■ Data excerpt ■
----------------

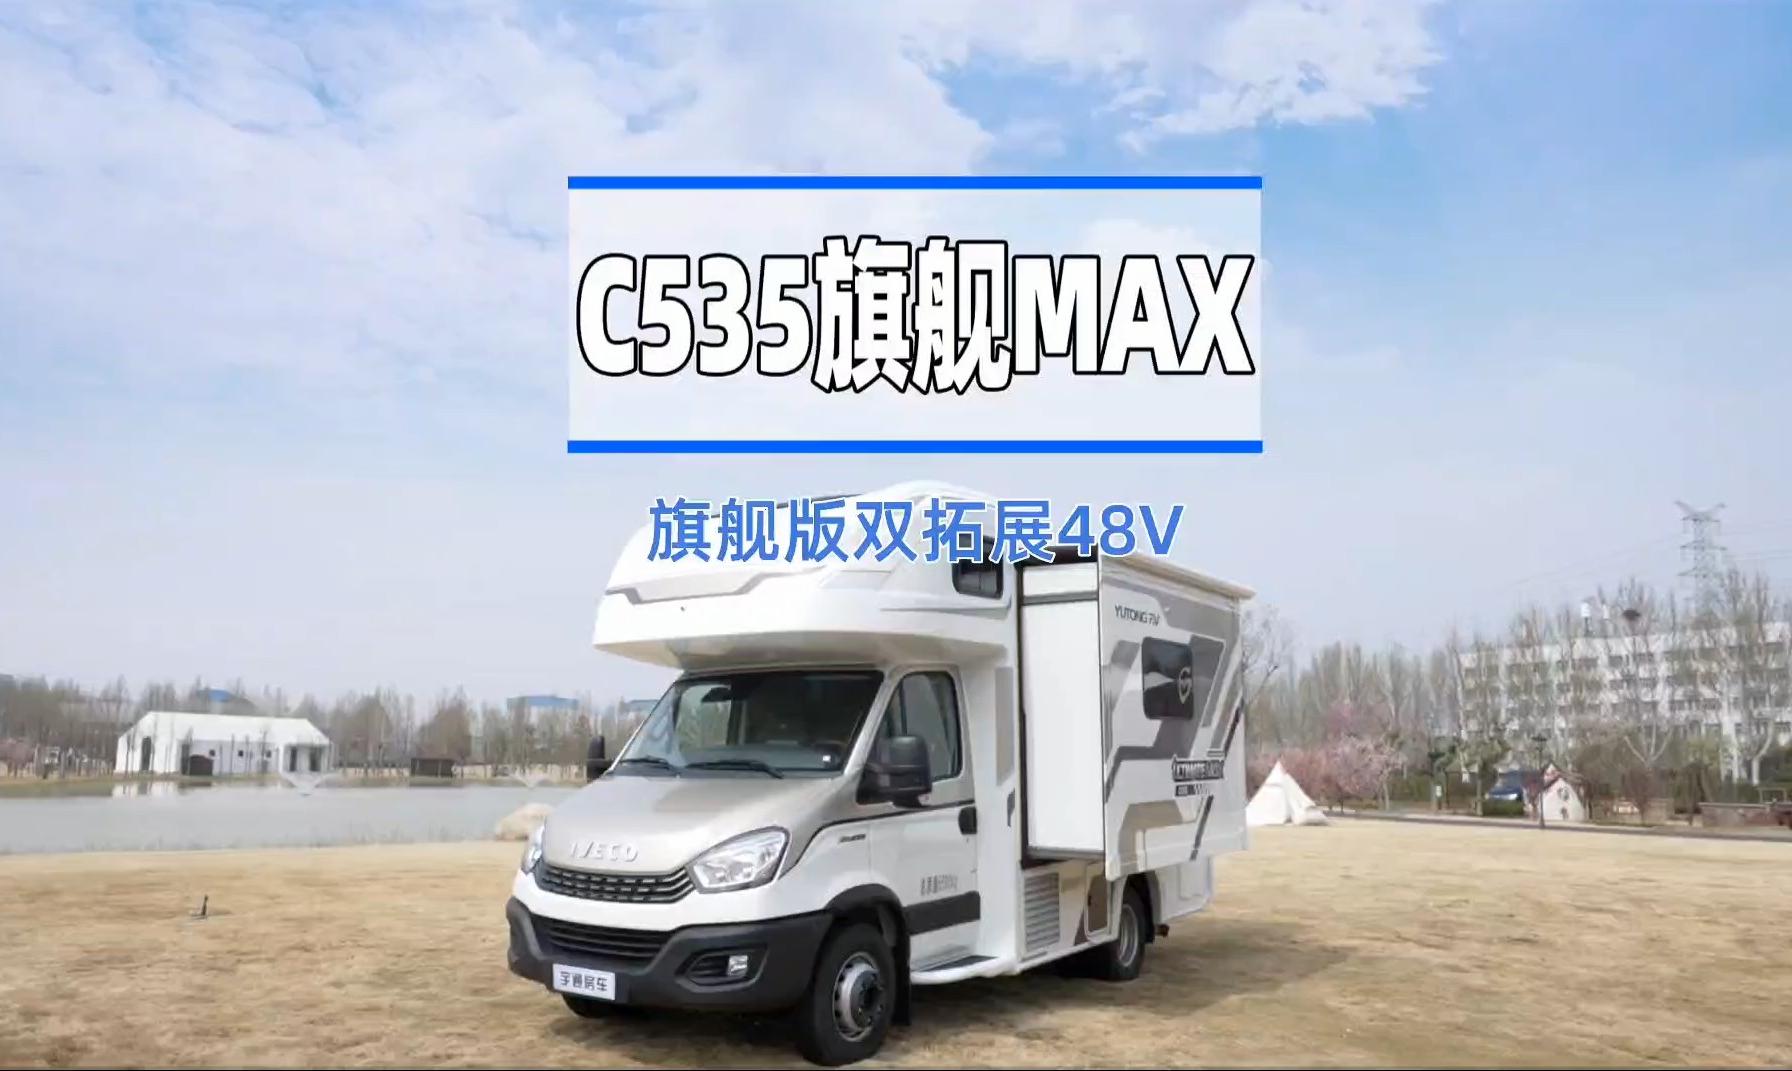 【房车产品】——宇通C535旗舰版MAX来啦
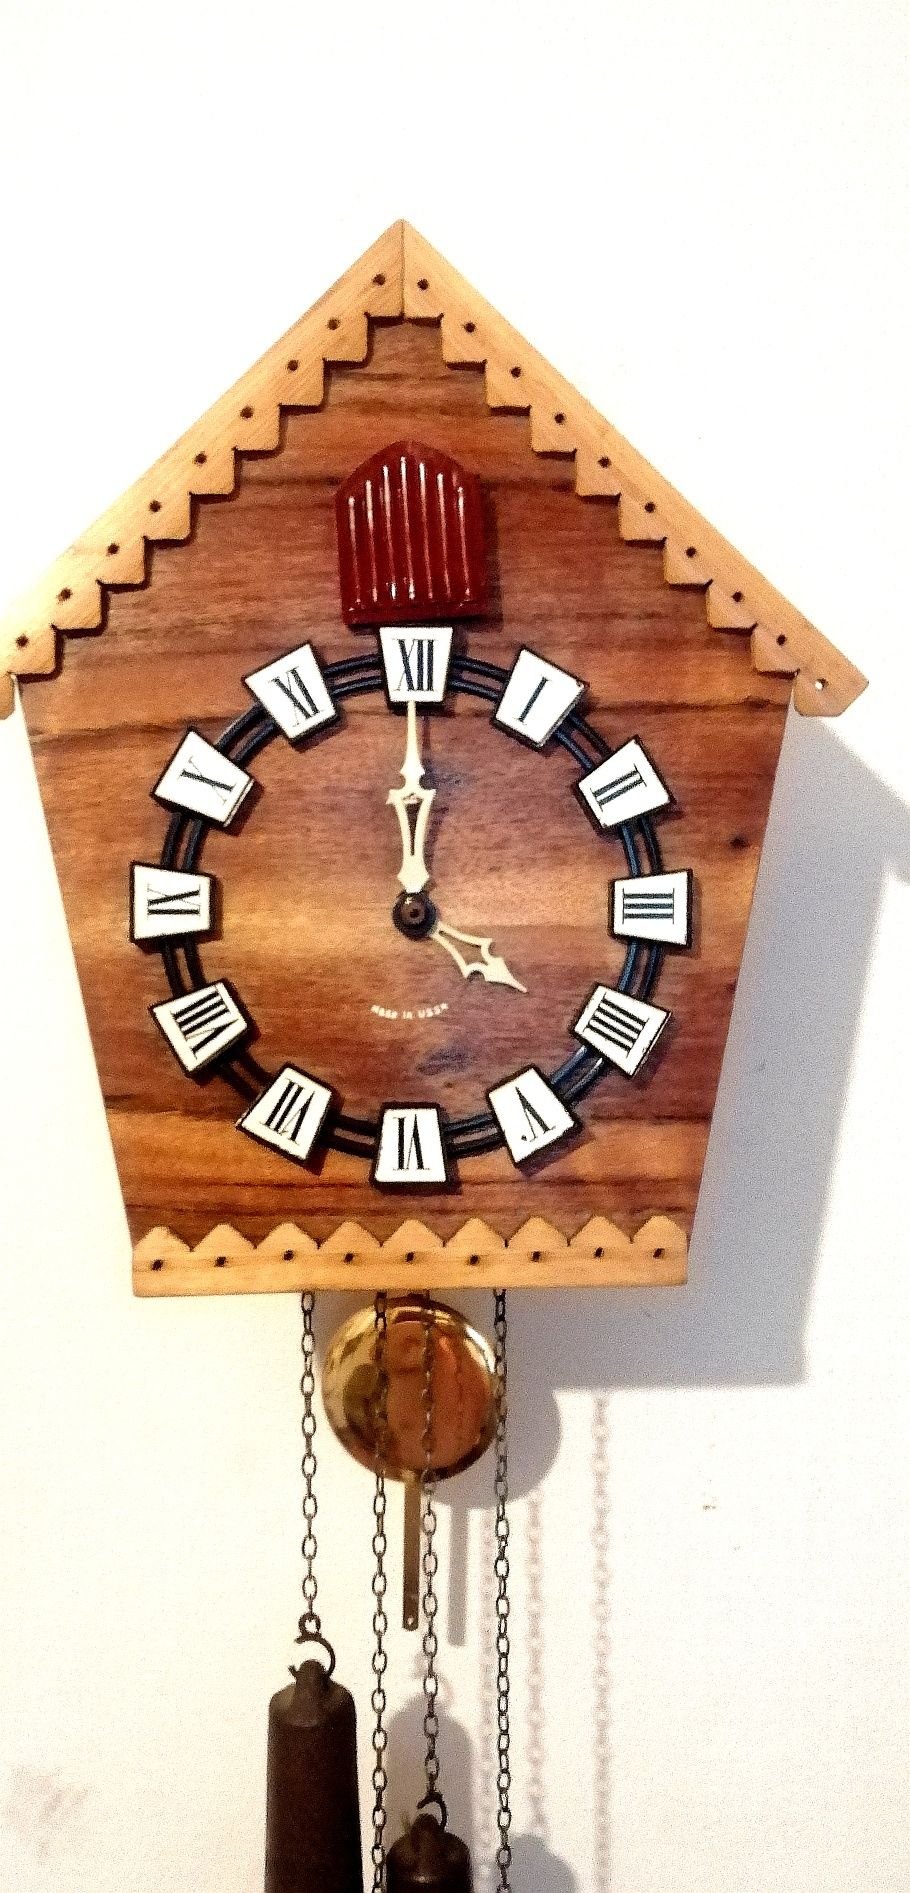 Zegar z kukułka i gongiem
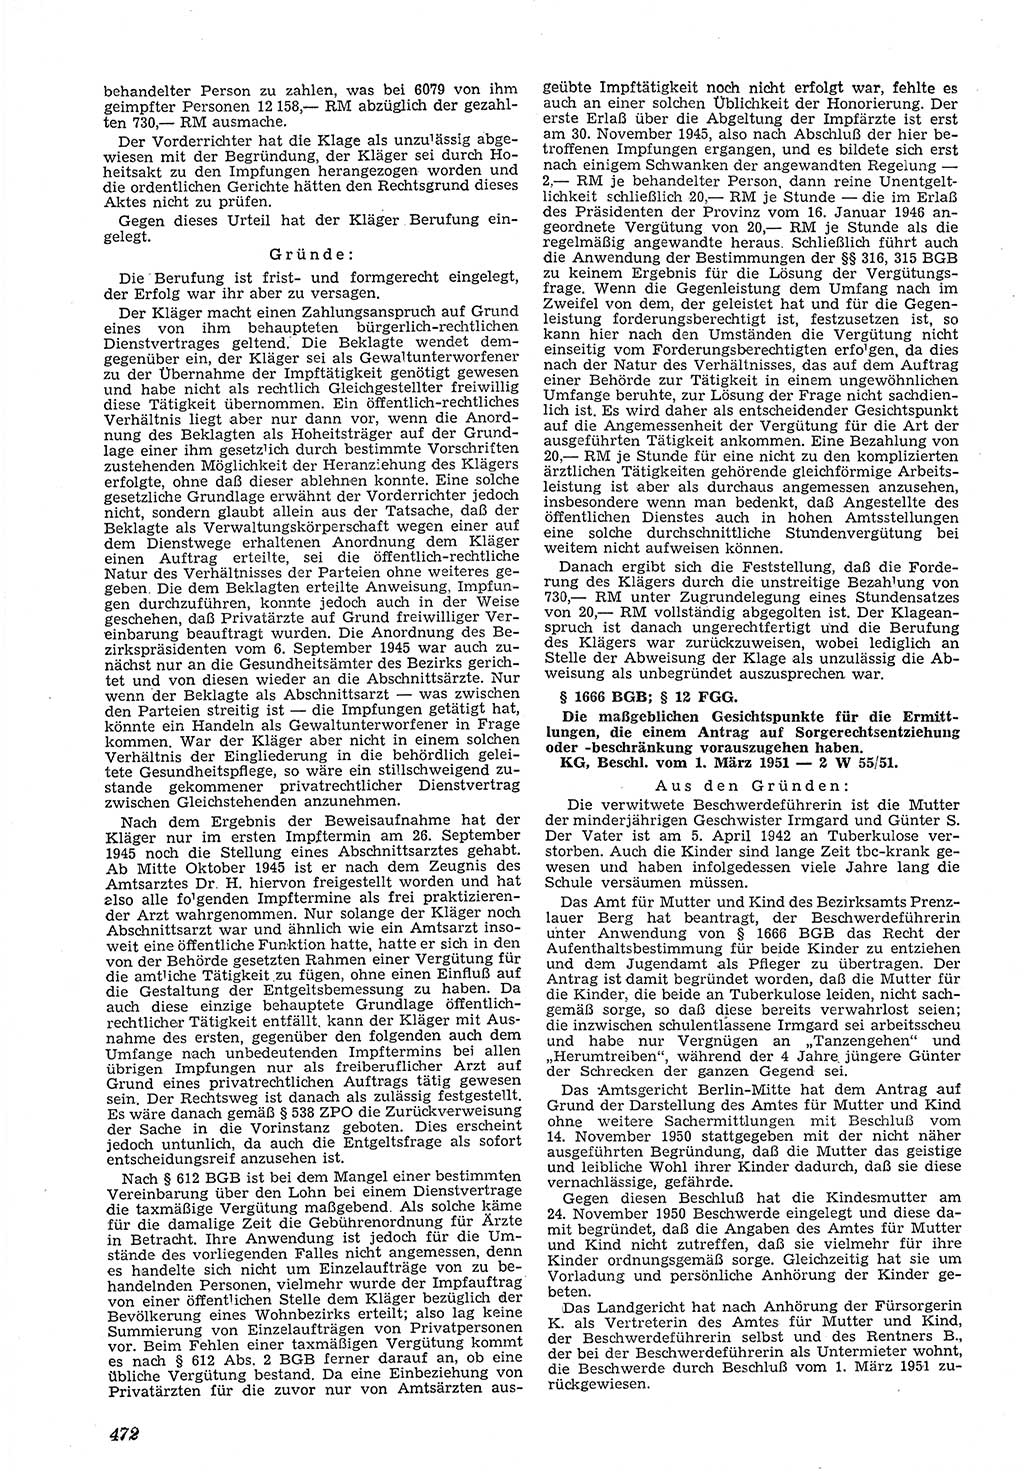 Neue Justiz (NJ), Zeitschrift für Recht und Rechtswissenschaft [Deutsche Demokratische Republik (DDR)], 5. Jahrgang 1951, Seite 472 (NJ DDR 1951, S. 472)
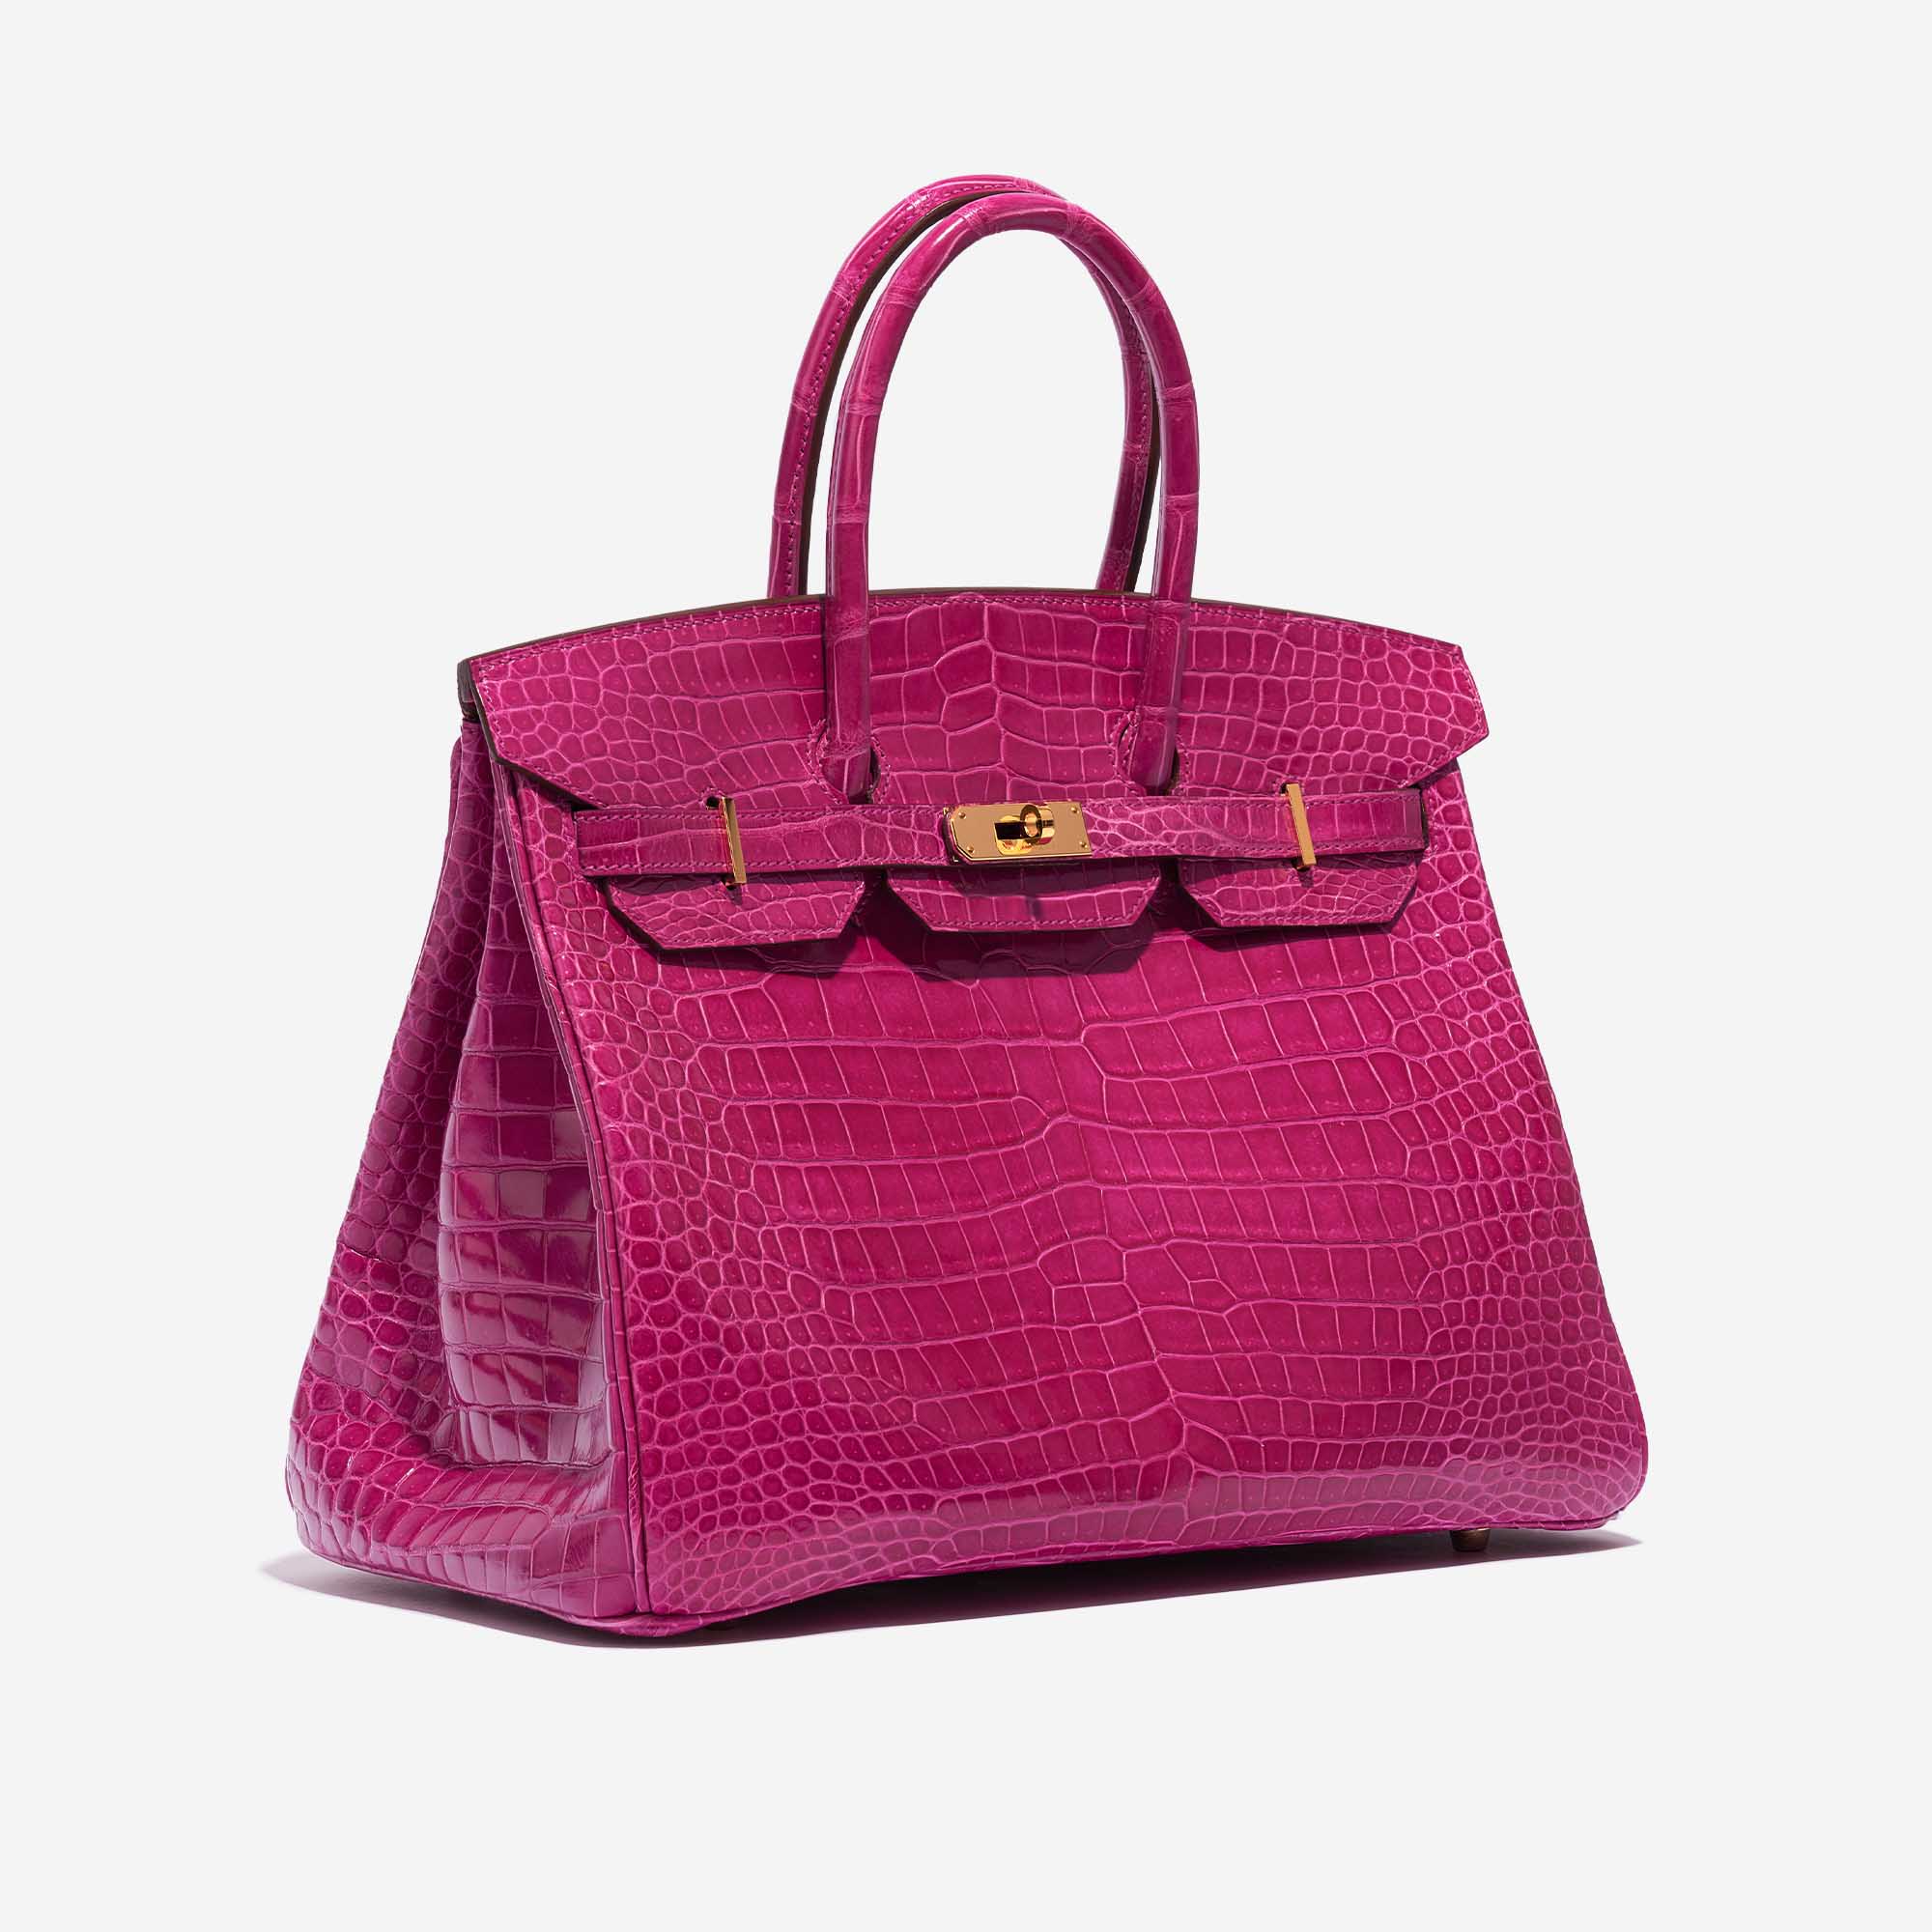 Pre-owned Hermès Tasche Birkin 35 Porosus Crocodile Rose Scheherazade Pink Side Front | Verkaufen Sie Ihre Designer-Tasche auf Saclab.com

----------------

■ Exercise details ■
Beginning with the line containing "Neue Justiz (NJ), Zeitschrift" and ending with the last line of the material, output each line exactly; do not include pictures.

■ Written solution ■
 Neue Justiz (NJ), Zeitschrift für Recht und Rechtswissenschaft [Deutsche Demokratische Republik (DDR)], 5. Jahrgang 1951, Seite 472 (NJ DDR 1951, S. 472)
 Pre-owned Hermès Tasche Birkin 35 Porosus Crocodile Rose Scheherazade Pink Side Front | Verkaufen Sie Ihre Designer-Tasche auf Saclab.com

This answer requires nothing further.